Questioning Mozilla's Plans For HTML5 Video
AberBeta writes with this excerpt from OSNews:
"We're on the verge of a serious evolution on the web. Right now, the common way to include video on the web is by use of Flash, a closed-source technology. The answer to this is the HTML5 video tag, which allows you to embed video into HTML pages without the use of Flash or any other non-HTML technology; combined with open video codecs, this could provide the perfect opportunity to further open up and standardize the web. Sadly, not even Mozilla itself really seems to understand what it is supposed to do with the video tag, and actually advocates the use of JavaScript to implement it. Kroc Camen, OSNews editor, is very involved in making/keeping the web open, and has written an open letter to Mozilla in which he urges them not to use JavaScript for HTML video."
The last time Mozilla added support for a tag that had some automatic animated behavior, the browser was still called Netscape and the tag was universally reviled. I hope they don't blink again.
But that said, does anyone really think video is a good idea? It's hard enough to get users to install the correct codecs to play back movies now. At least with FLV you've got a pretty standard platform which almost everyone already has installed. Adobe, for all their fuckups, has done a good job with Flash. Quicktime, OTOH, is not quite as accepted. And WMV, for whatever reason, is rejected by many users out of hand.
So are we going to require browsers to install with codec packs? What are the distribution formalities required for that kind of thing? It sounds like a giant ball of baling wire stuck in a thresher. I'm tempted to let it alone.
A lot of video producers like to rely on the fact that Flash makes it difficult to download videos to your hard drive. I wonder how they'd react if a major online video provider were to provide its content through a less restrictive method such as the video tag.
"In prison you just have to shut your eyes and take it. Here you have to shut your eyes and give it."
Some random Mozilla Hacks (note the word Hacks) blogger posts some code that web developers can use to implement HTML5 video (which does not use javascript, contrary to the implications in this article and summary?) and also provide a fallback path for non-HTML5 Video browsers (IE, Opera, etc). Their particular method of providing the fallback code uses javascript to determine browser capability, and uses Flash if HTML5 Video is not there.
Why is this upsetting to anyone? The implication from the summary is this is a less "open" way to do it, but last I checked Javascript/ECMAScript is a standard that all browsers implement already.
I cannot fathom why anyone would be so upset by some blogger providing JS-implemented video fallback implementations.
The video tag should be run by plugins, they would need to conform to a single standard interface. PLay/Stop/Pause/etc. The key would be having two mechanisms for display, a method which returns a pixmap (so that it would work with X Forwarding) and a version that was accelerated.
the PLay/Stop/Pause interface would be entirely part of the DOM.
HTML is the content, CSS is the way to display the HTML content and Javascript is the way to interact with it all.
this could provide the perfect opportunity to further open up and standardize the web.
Innovation and standards often pull in opposite directions.
There are always cracks in the façade. Opportunities for the entrepreneur. The committee moves too damn slow.
I don't think the geek imagined the web evolving as it has - into communities like MySpace, Twitter, and so on.
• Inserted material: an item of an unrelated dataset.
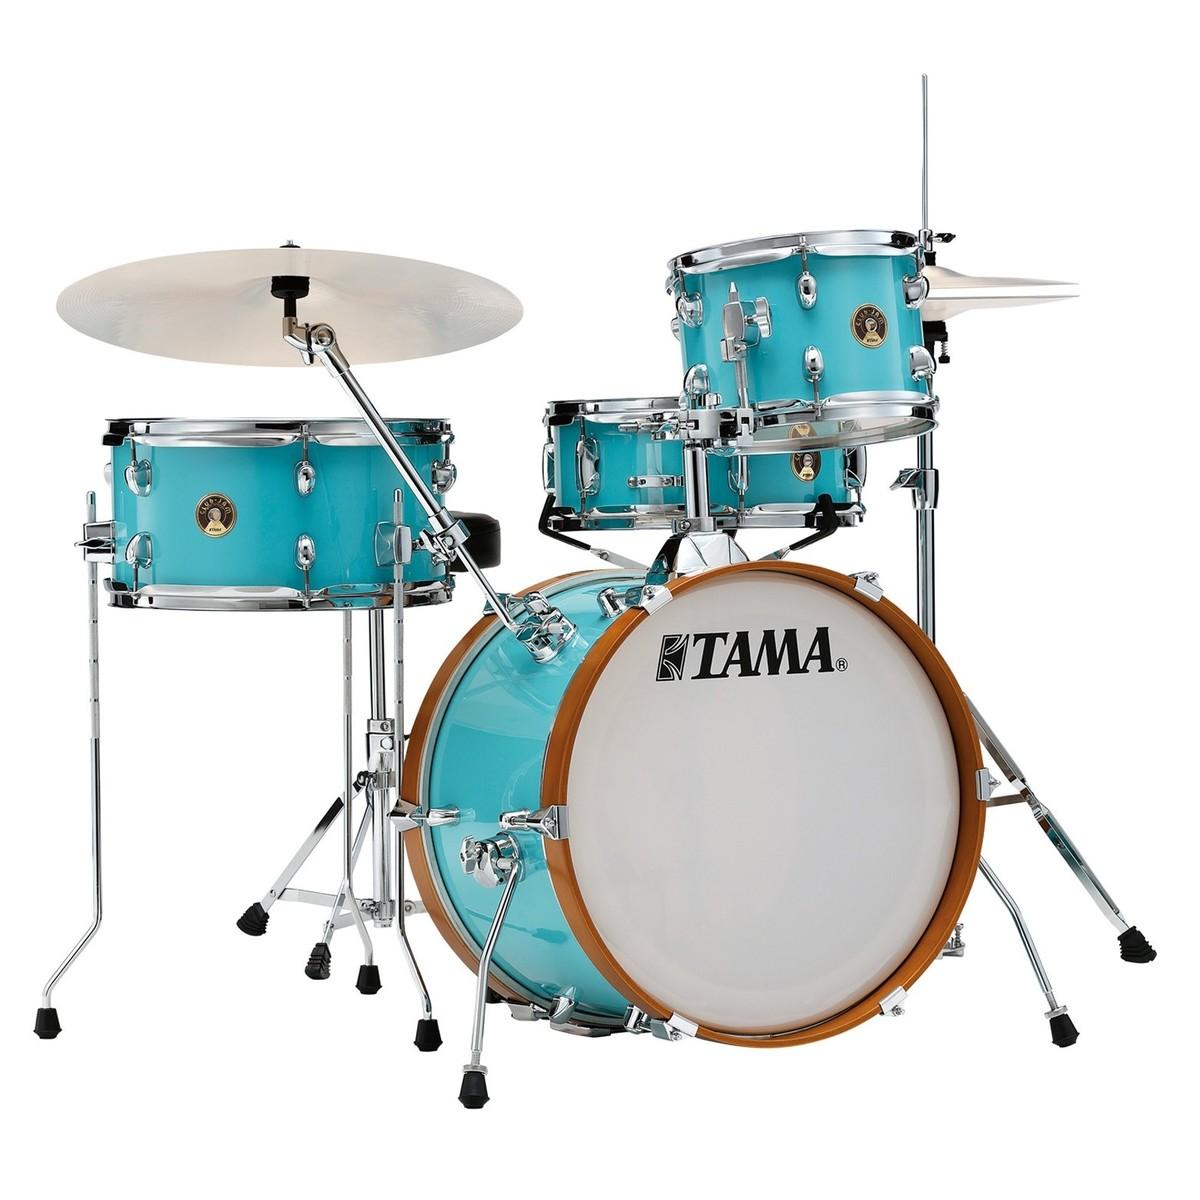 Zz Top Drummer Frank Beard Drum Kit

It would be easy to imagine Windows media and gaming coalescing around portals like Windows Live! and Steam.
By the time the geek standardizes the hell out of the web the real action will have moved elsewhere.
But to allow that at reasonable conditions, the codec should be Free. The codec proposed for this purpose is Ogg Theora/Vorbis, an OSS codec build specifically trying not to use any patented technology.
Unfortunately, Theora still needs twice the bitrate as H.264 to deliver the same quality, even with the "Thusnelda" rewrite of the encoder. It's not like Vorbis, which surpassed MP3's rate-distortion curve early on. Using Theora for video to avoid H.264 patent problems is like using IMA ADPCM for audio to avoid MP3 patent problems. Google would probably stick to H.264 for YouTube because the bandwidth cost outweighs the royalty cost of having H.264 support in Chrome.
Thusnelda is noticeably better than H.263 (which is what YouTube used to use)
Exactly: used to use. Since then, YouTube serves HQ and HD videos in H.264.